::: INFORMATION SUPPLIED
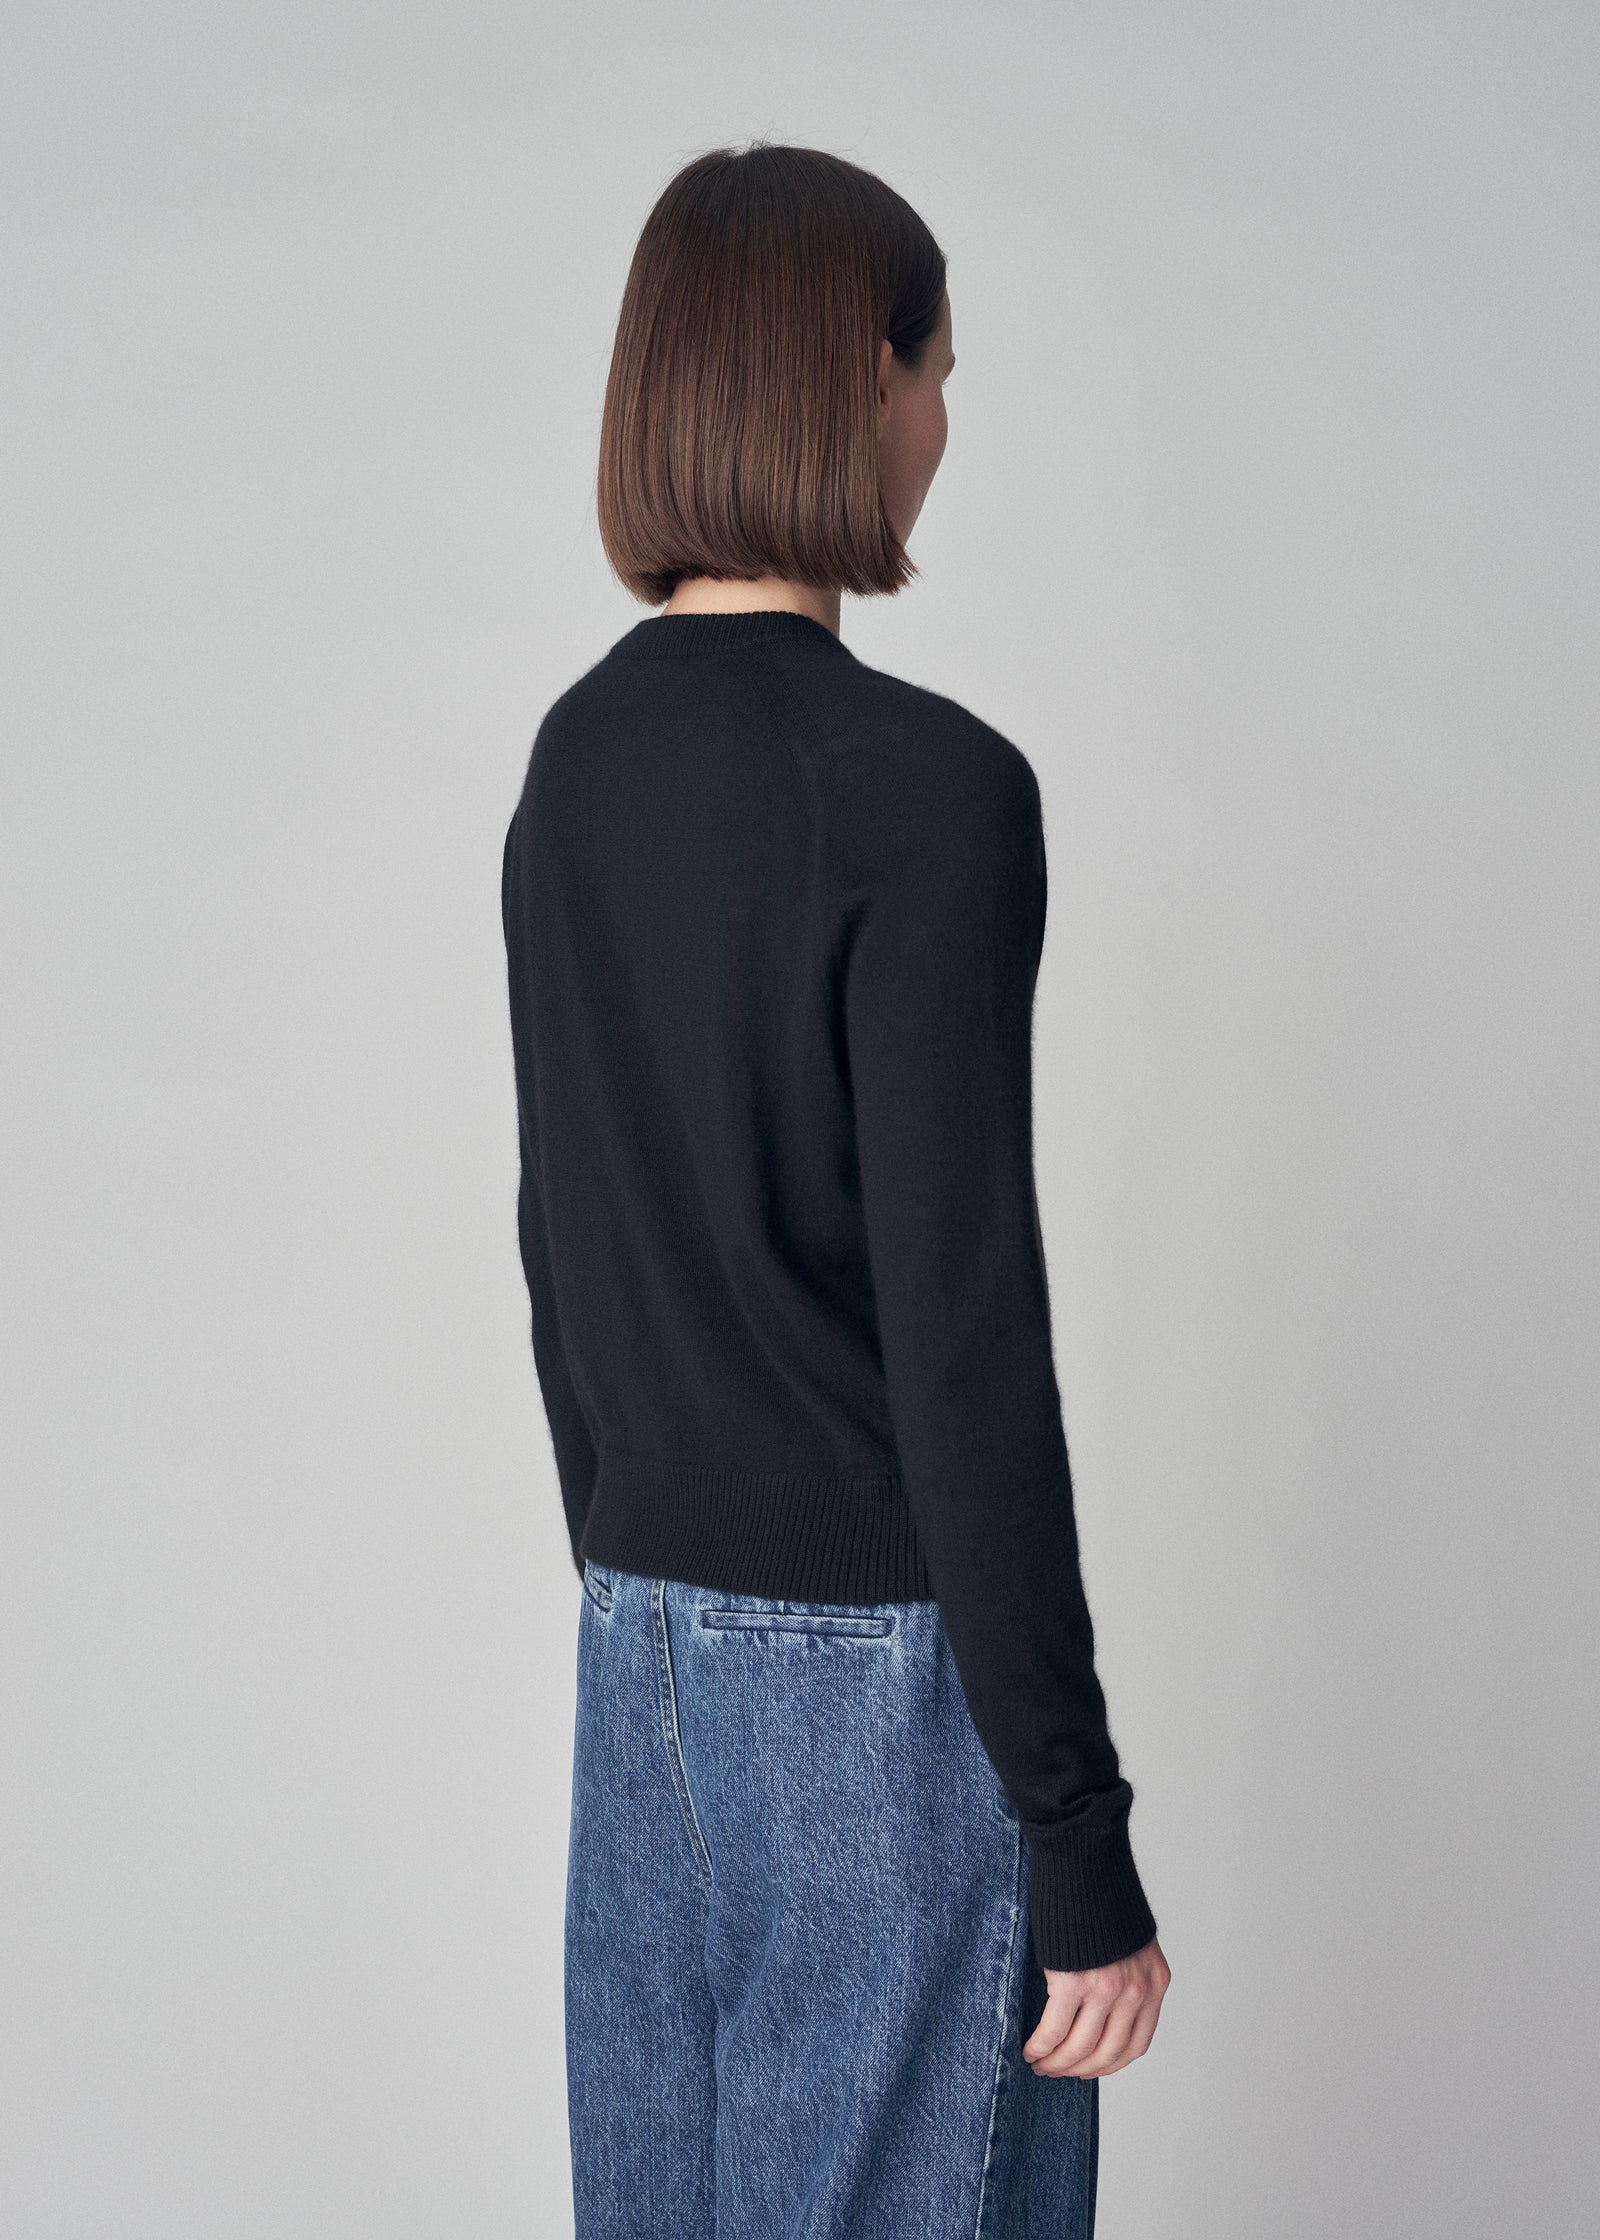 Waist Length Cardigan in Fine Cashmere  - Black - CO Collections
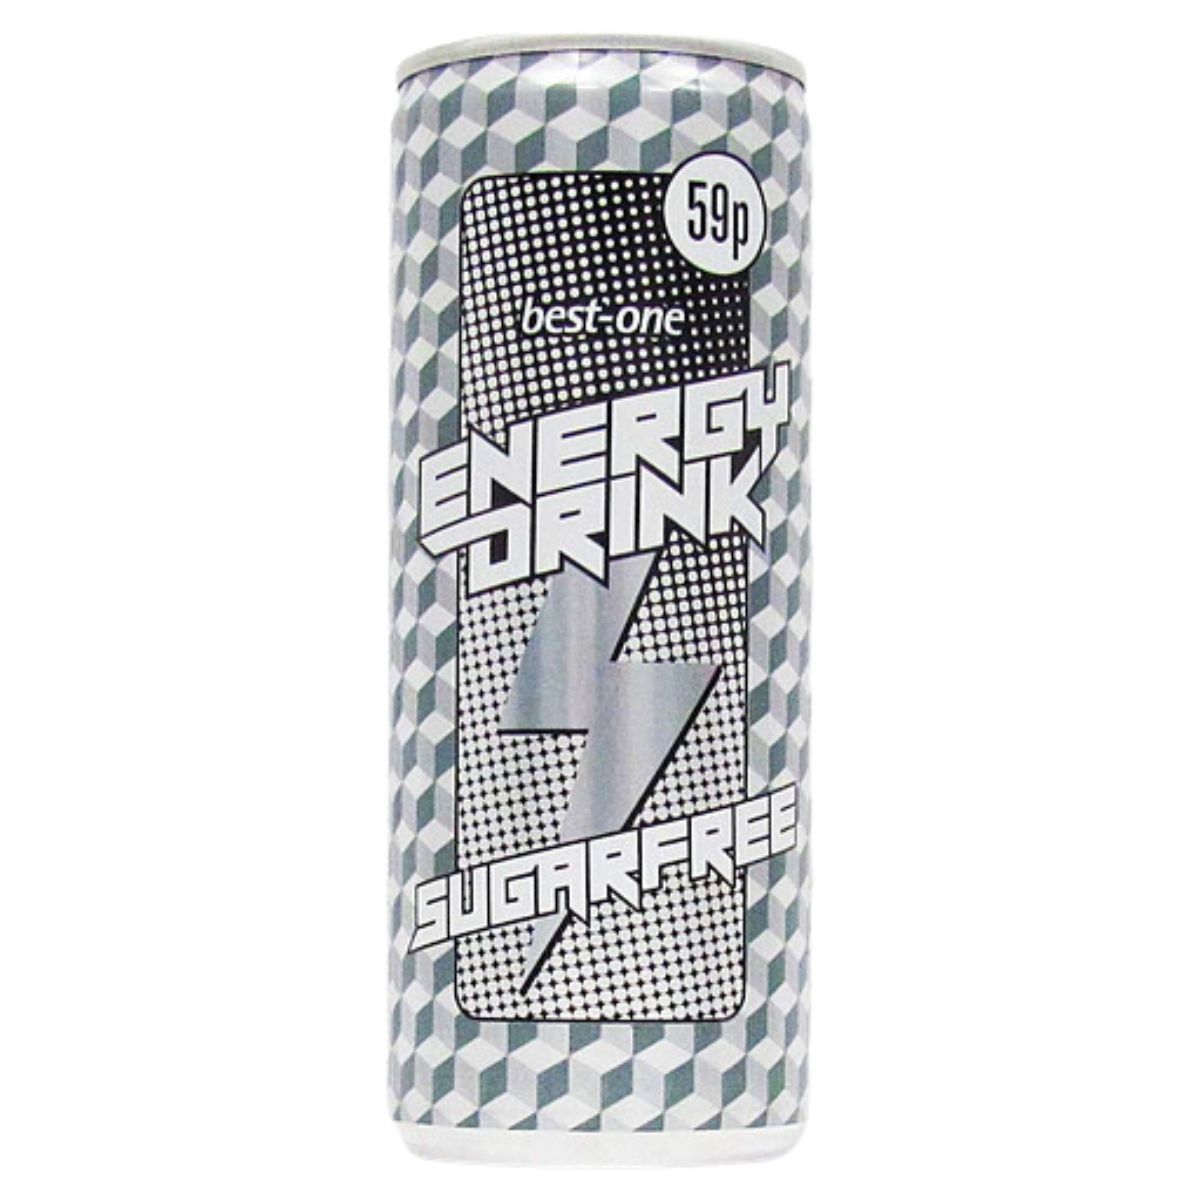 A can of Best One - Sugar Free Energy Drink - 250ml on a white background.
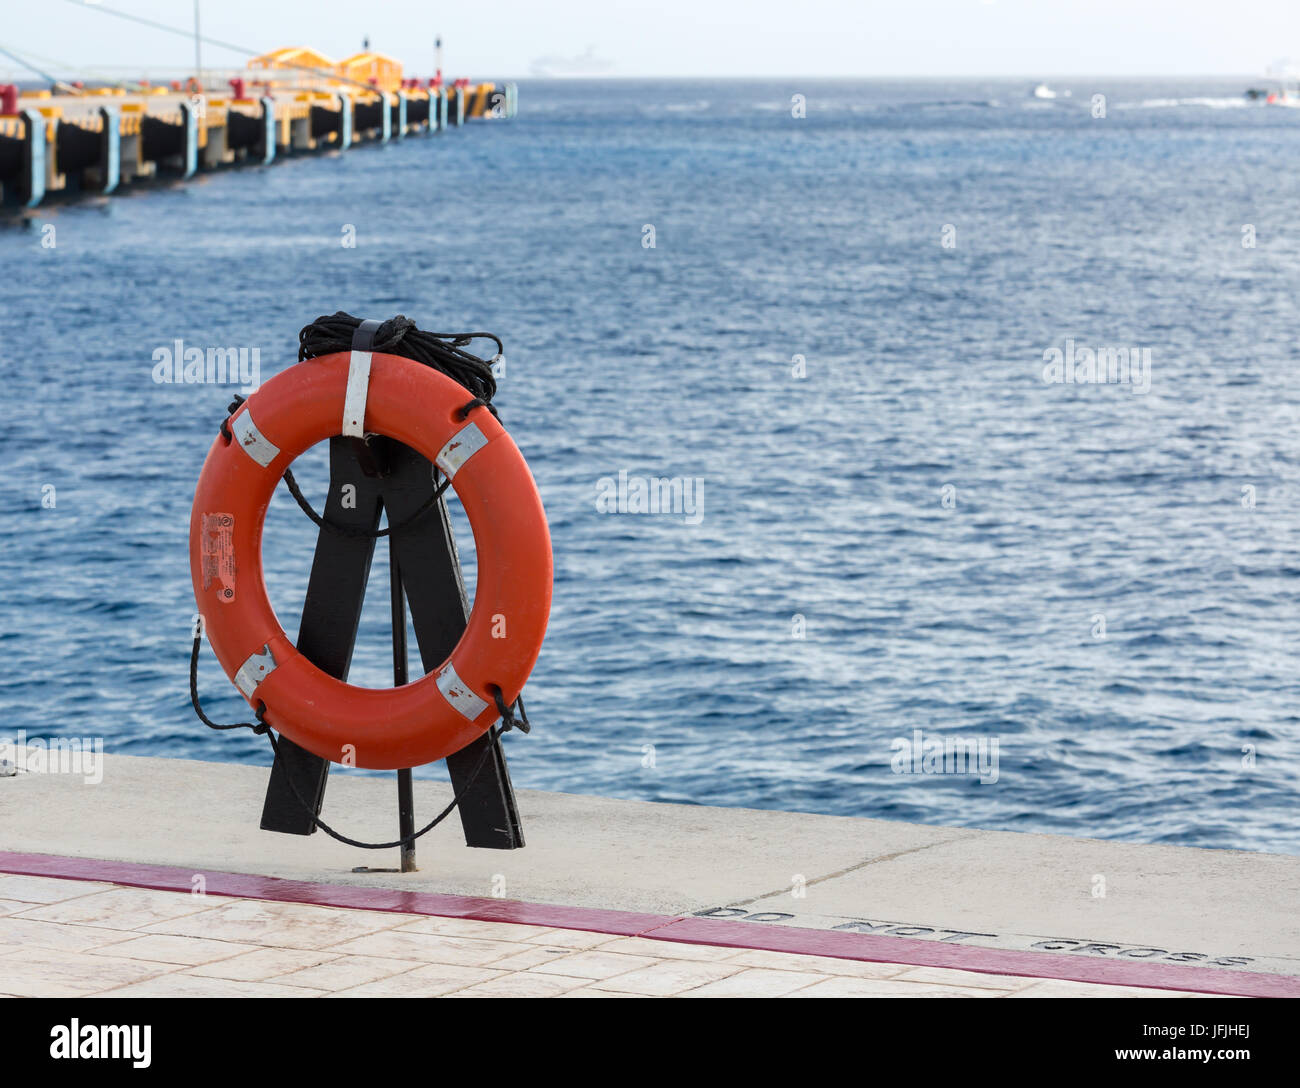 personal life ring on the dock seaside Stock Photo
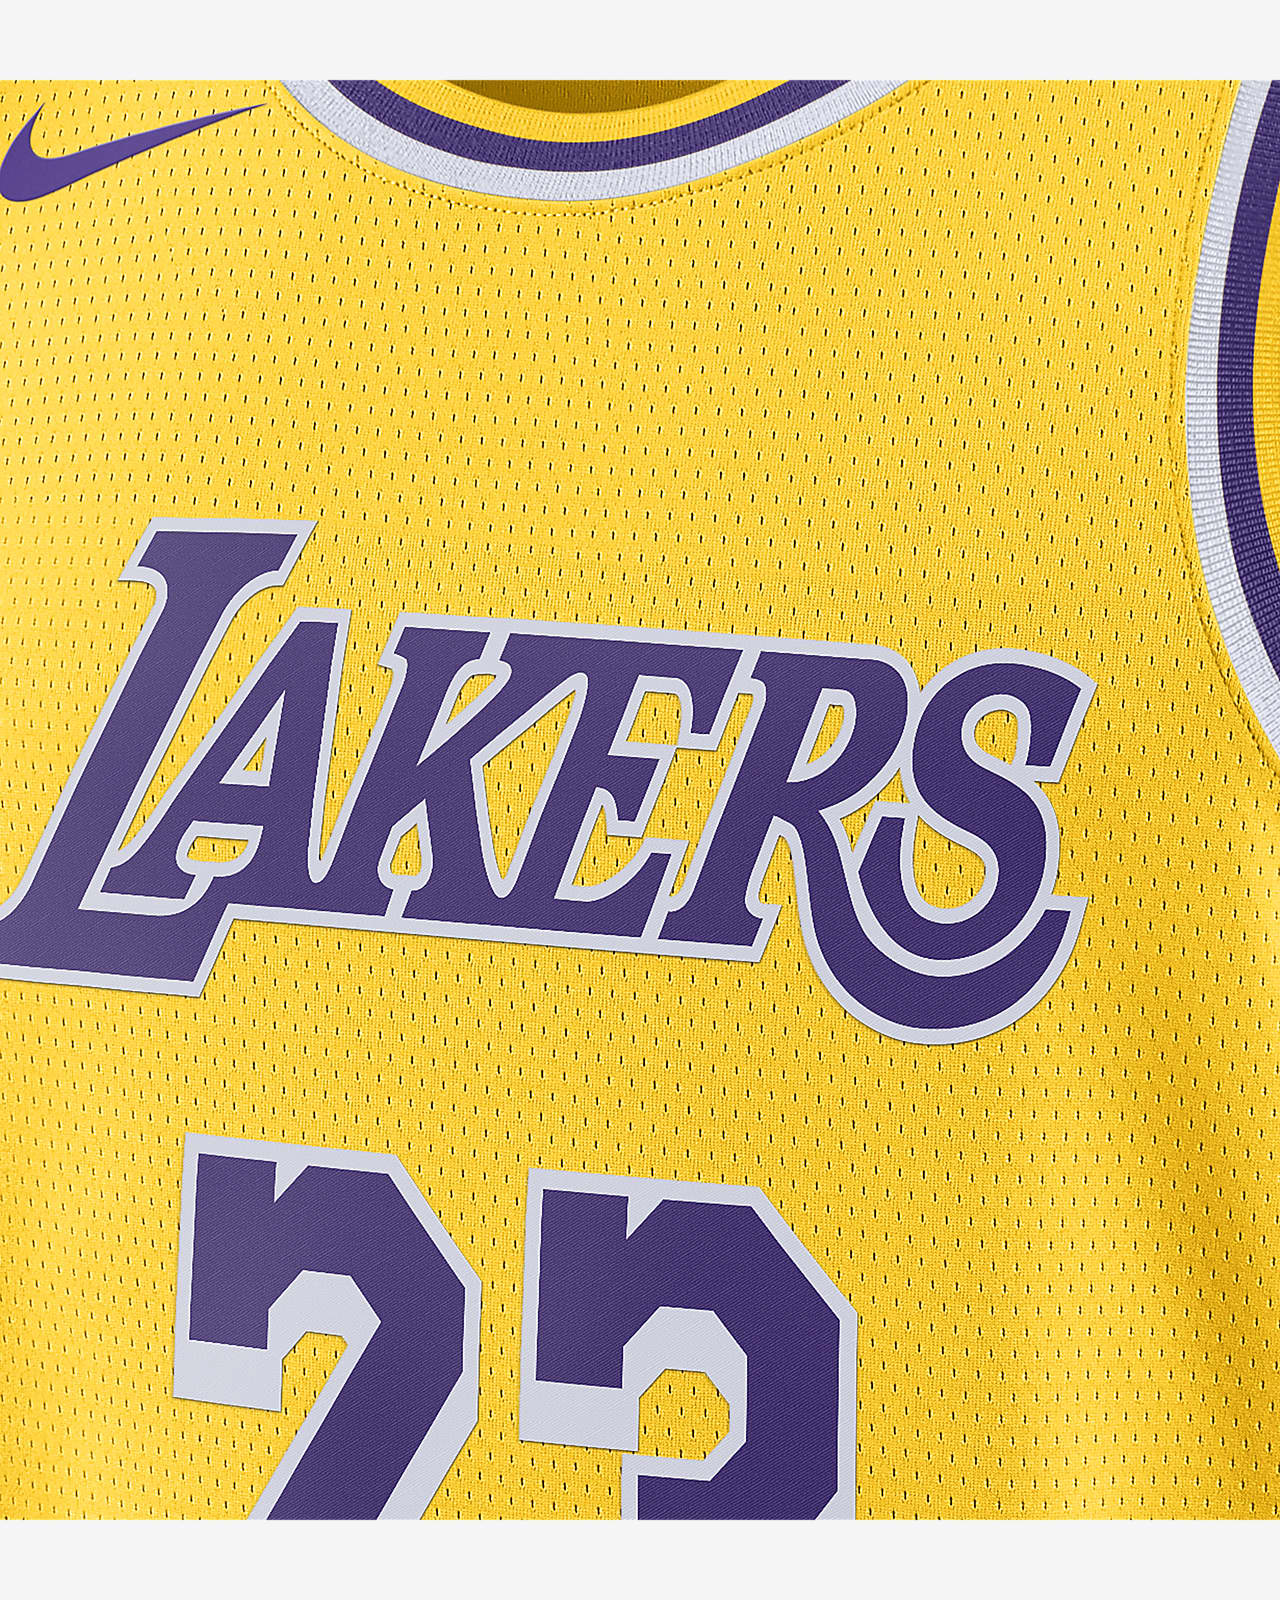 lakers jersey home and away
::::::
TASK DESCRIPTION: Where images occur in the data above, leave them out and repeat everything else exactly.

PROBLEM SOLUTION:
 Waist Length Cardigan in Fine Cashmere  - Black - CO Collections
 A can of Best One - Sugar Free Energy Drink - 250ml on a white background.
 personal life ring on the dock seaside Stock Photo
 lakers jersey home and away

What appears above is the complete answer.